The structure and origin of the MOMP models are easier to understand using PySB than the underlying sets of ODEs. This can most easily be seen by comparing the ODE and PySB versions of a model from Chen et al (2007b) (Figures 4B and 4C). The original model is relatively simple (only seven ODEs), but understanding the precise mechanism for MOMP requires careful inspection of each equation. By comparison, the PySB model exploits macros to make the mechanisms transparent: single‐step catalysis, combinatorial binding, and pore assembly. Many of the 15 MOMP models in EARM 2.0 represent incremental extensions of earlier models (this is particularly true of the models from Howells et al (2010) and Chen et al (2007a, 2007b), as well as the five models from Albeck et al (2008a, 2008b); Figure 4A). The authors of these models proceeded by duplicating ODEs from previous models or papers and then adding new species or reactions as required: e.g., the three models of Cui et al (2008) are derived directly from the ‘direct’ model of Chen et al (2007b), whereas the model of Howells et al (2010) is based on an earlier model from Chen et al (2007a).

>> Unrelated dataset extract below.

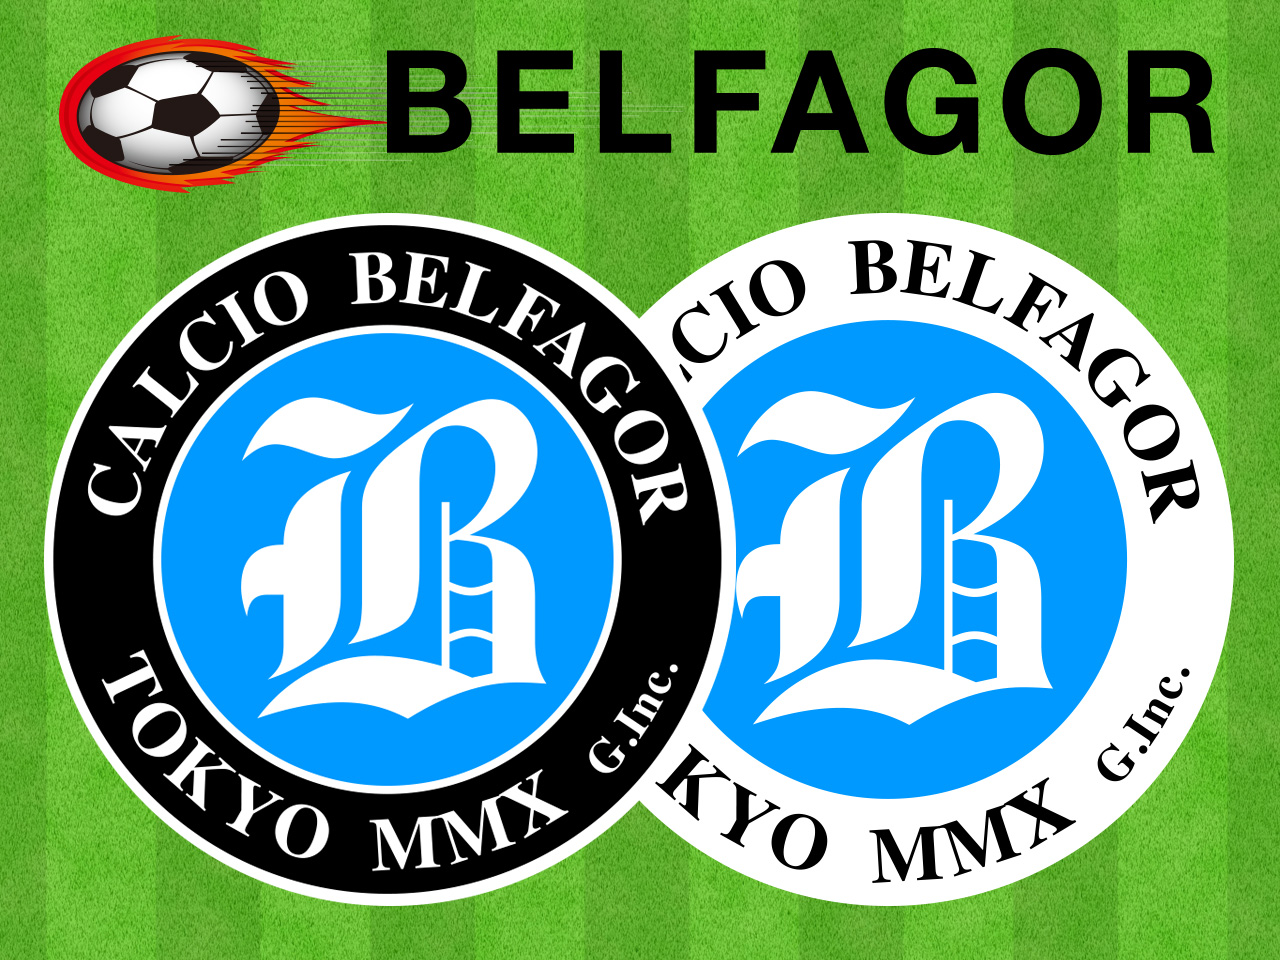 BELFAGOR T-shirt logo

However, the process of renaming species and variables in the derived models makes it difficult to verify that each variant correctly recapitulates the structure of the original model as claimed. For example, in Cui et al (2008), the authors stated simply that the ‘direct model’ was ‘mainly based’ on the earlier work of Chen et al (2007b), but we found that there were several important additions and modifications in the derived model, including addition of displacement, synthesis and degradation reactions, and a change in the MOMP pore from a Bax tetramer to a Bax dimer. Inspection of the PySB source code for the direct model of Cui et al (2008) (Figure 4D) makes these differences explicit by calling a subroutine for the earlier chen_febs_direct model (Figure 4C) and adding only the new reactions.

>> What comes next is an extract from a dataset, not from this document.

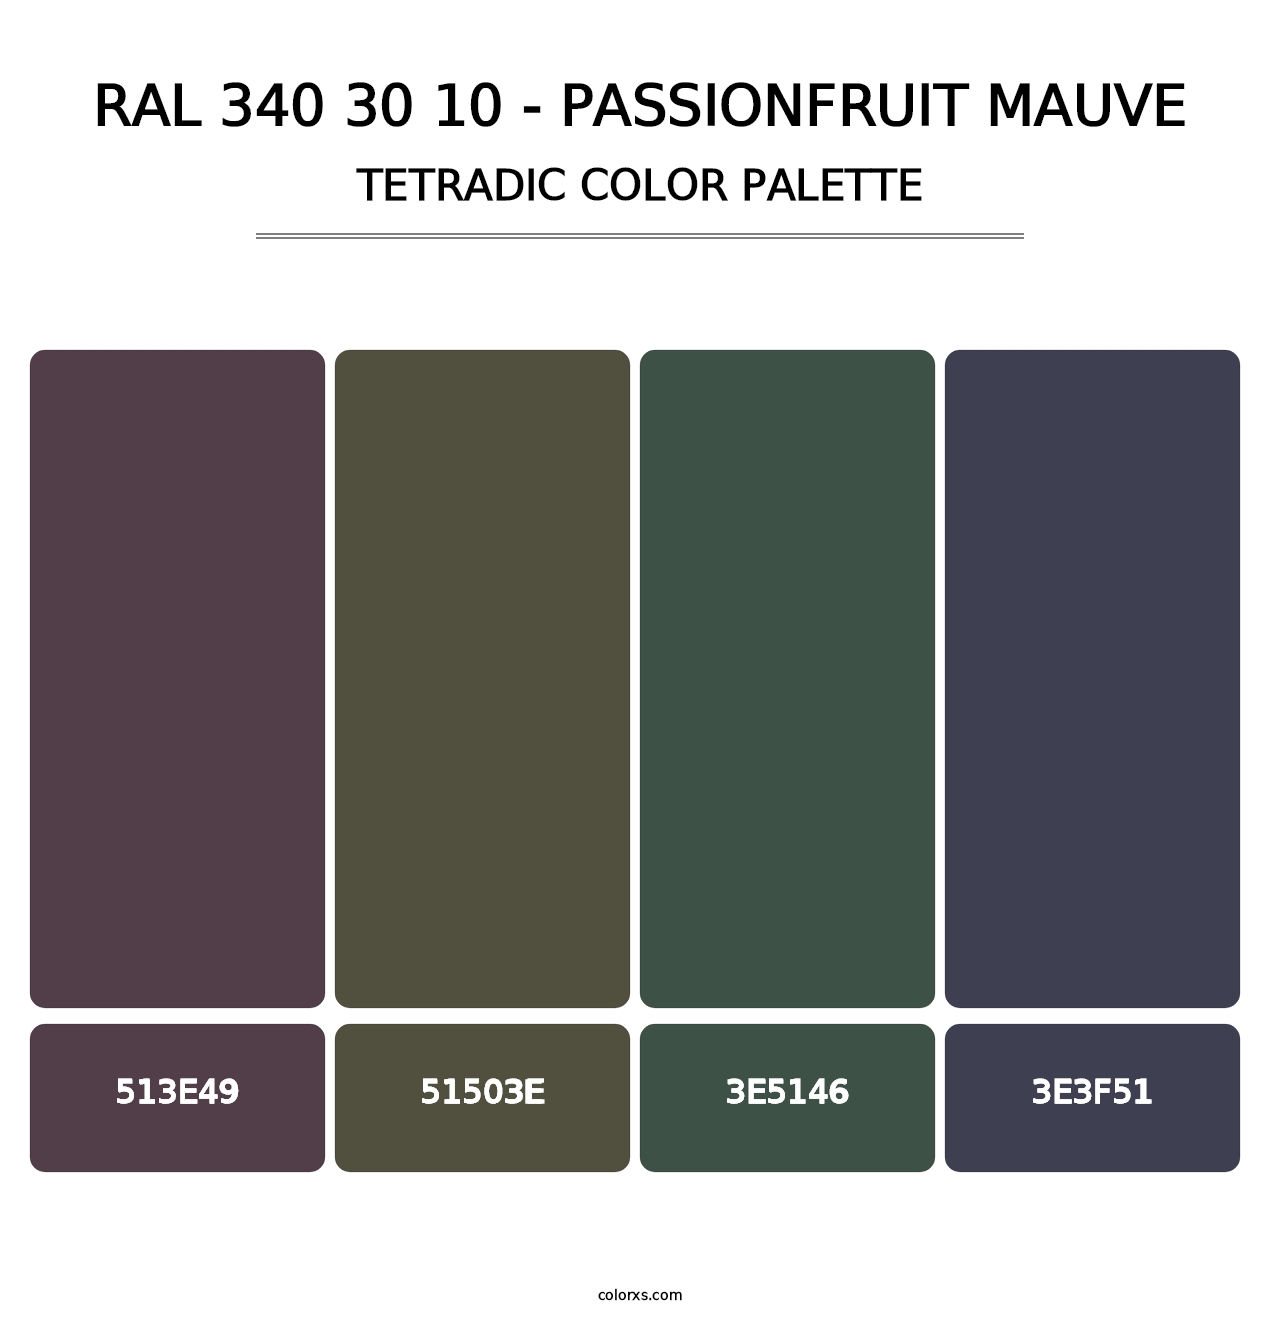 RAL 340 30 10 - Passionfruit Mauve - Tetradic Color Palette

PySB Module Reuse facilitated the process of embedding each of the 15 models of MOMP within the context of receptor–proximate reactions (ligand binding to Bid cleavage) and downstream reactions creating ‘Full Apoptosis’ and ‘MOMP‐only’ versions (summarized in Table II; see also Materials and methods). We are currently developing additional apoptosis modules (e.g., alternative topologies for receptor activation and DISC formation) that will soon be part of the EARM repository; other researchers can also ‘fork’ the code on GitHub and contribute their own additions. This should allow a cumulative and distributed approach to model development and comparison.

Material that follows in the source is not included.